Clinical trials data from National Cancer Institute (NCI)-funded cooperative oncology group trials could be enhanced by merging with external data sources. Merging without direct patient identifiers would provide additional patient privacy protections. We sought to develop and validate a matching algorithm that uses only indirect patient identifiers.

Methods

We merged the data from two Phase III Children’s Oncology Group (COG) trials for de novo acute myeloid leukemia (AML) with the Pediatric Health Information Systems (PHIS). We developed a stepwise matching algorithm that used indirect identifiers including treatment site, gender, birth year, birth month, enrollment year and enrollment month. Results from the stepwise algorithm were compared against the direct merge method that used date of birth, treatment site, and gender. The indirect merge algorithm was developed on AAML0531 and validated on AAML1031.

Results

Of 415 patients enrolled on the AAML0531 trial at PHIS centers, we successfully matched 378 (91.1%) patients using the indirect stepwise algorithm. Comparison to the direct merge result suggested that 362 (95.7%) matches identified by the indirect merge algorithm were concordant with the direct merge result. When validating the indirect stepwise algorithm using the AAML1031 trial, we successfully matched 157 out of 165 patients (95.2%) and 150 (95.5%) of the indirectly merged matches were concordant with the directly merged matches.

Conclusions

These data demonstrate that patients enrolled on COG clinical trials can be successfully merged with PHIS administrative data using a stepwise algorithm based on indirect patient identifiers. The merged data sets can be used as a platform for comparative effectiveness and cost effectiveness studies.

Introduction

National Cancer Institute (NCI)-funded cooperative group clinical trials have improved cure rates for children with cancer and have set standards of care for the treatment of adult malignancies [1]. However, such clinical trials data have important limitations, particularly the lack of resource utilization and cost data. Administrative data sets contain detailed resource utilization data that can be used to describe supportive care practices and treatment costs, but often lack accurate disease-specific information such as pathology validated diagnosis, risk stratification data, and disease recurrence. Linking the NCI funded cooperative group data with external administrative data sets would enable a wide range of comparative effectiveness and cost effectiveness studies.

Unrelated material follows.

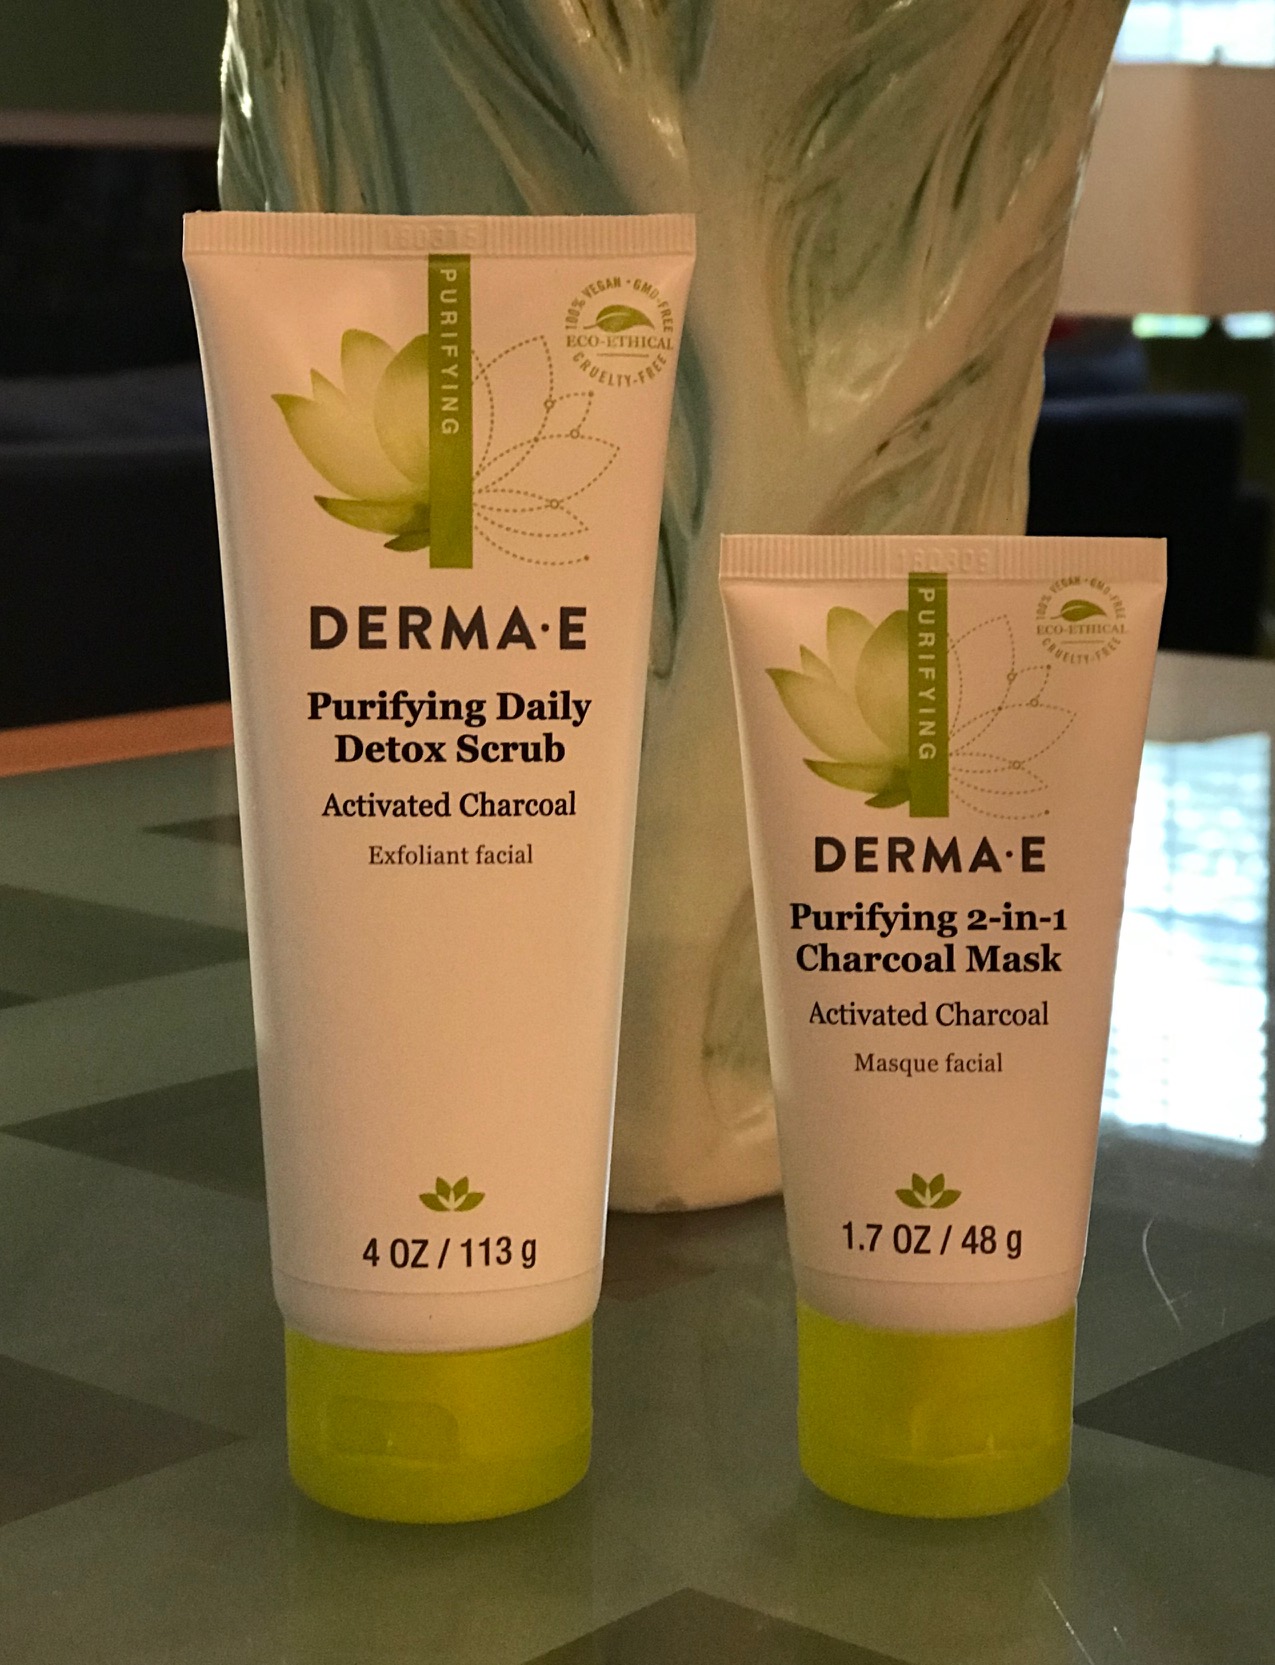 standing tubes of Derma E Purifying Daily Detox Scrub & 2-in-1 Charcoal Mask, neversaydiebeauty.com
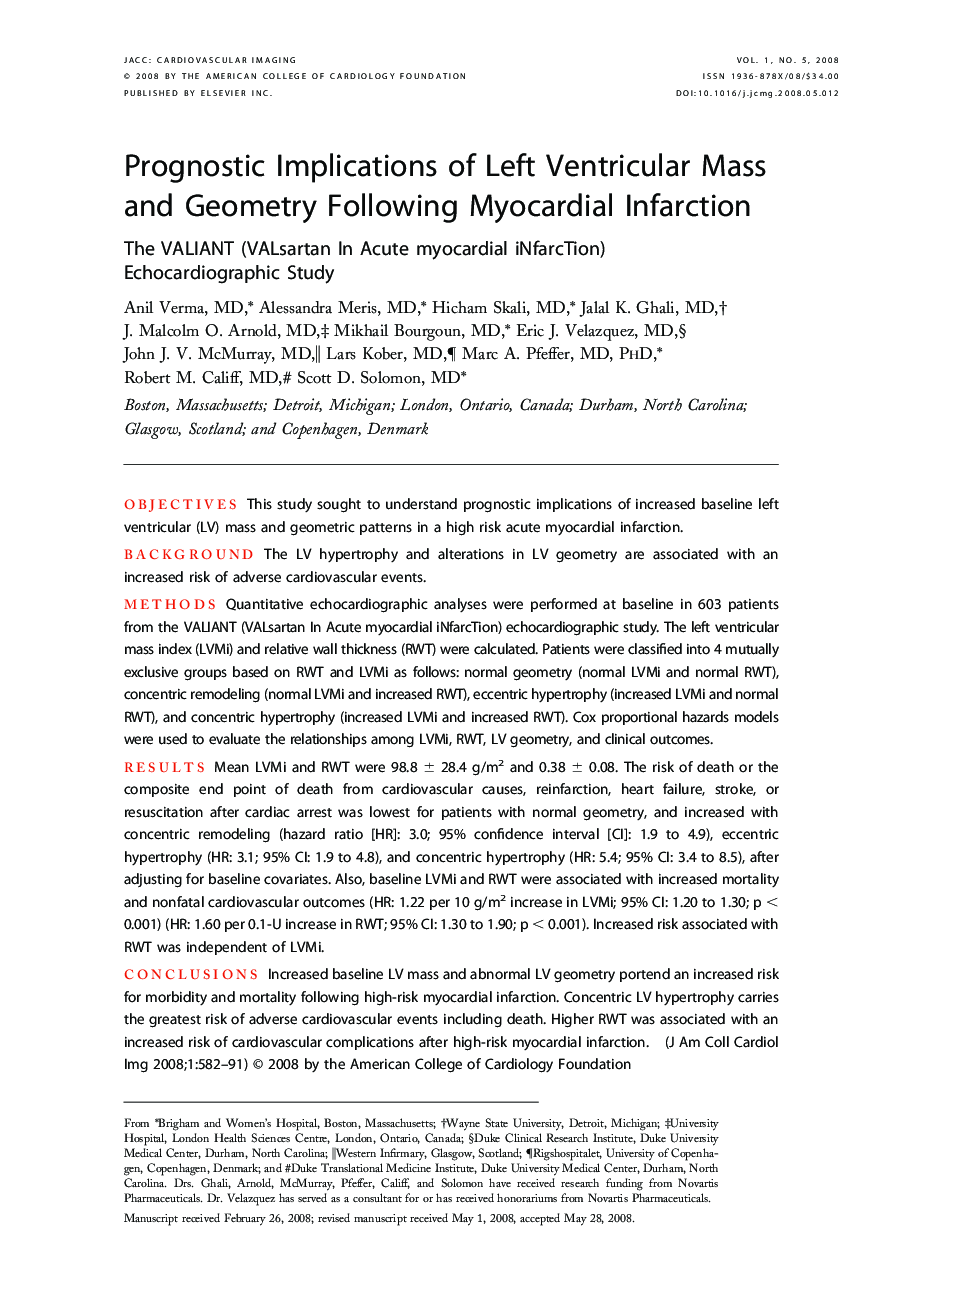 Prognostic Implications of Left Ventricular Mass and Geometry Following Myocardial Infarction : The VALIANT (VALsartan In Acute myocardial iNfarcTion) Echocardiographic Study

Other investigators have previously merged data from adult cooperative oncology groups with Medicare claims data [24]. Our group has merged pediatric data from a Children’s Oncology Group (COG) phase III trial with the administrative data from the Pediatric Health Information Systems (PHIS) [5]. In our previous work, we used the direct patient identifier date of birth (DOB), treatment site, and gender to link records across the two datasets. The use of DOB in the merging process raises privacy concerns and necessitates human subject research permission from regulatory bodies. Merging without the use of DOB would substantively alleviate privacy concerns and lessen regulatory requirements. Therefore the objective of this study was to develop and validate such a matching algorithm to link the COG clinical trial data and the PHIS administrative data using only indirect patient identifiers.

Methods

Data sources

COG is the pediatric cooperative oncology group funded by the NCI and has approximately 200 actively participating centers in the United States, Canada, Europe, and Australia. AAML0531 was a randomized clinical trial to compare standard chemotherapy with or without gemtuzumab for the treatment of de novo acute myeloid leukemia (AML) and enrolled 1,022 eligible patients from August 14, 2006 to June 15, 2010 [6]. AAML1031 is a randomized trial to compare standard chemotherapy with or without bortezomib for the treatment of de novo AML. The enrollment of AAML1031 is ongoing and had enrolled 449 patients by the time of this analysis. Like all COG therapeutic trials, the AAML0531 and AAML1031trials collected extensive data on leukemia phenotype, demographics, clinical data such as central nervous system involvement, and clinical outcomes including mortality, leukemia relapse, second malignancy, toxicity and bone marrow transplant status.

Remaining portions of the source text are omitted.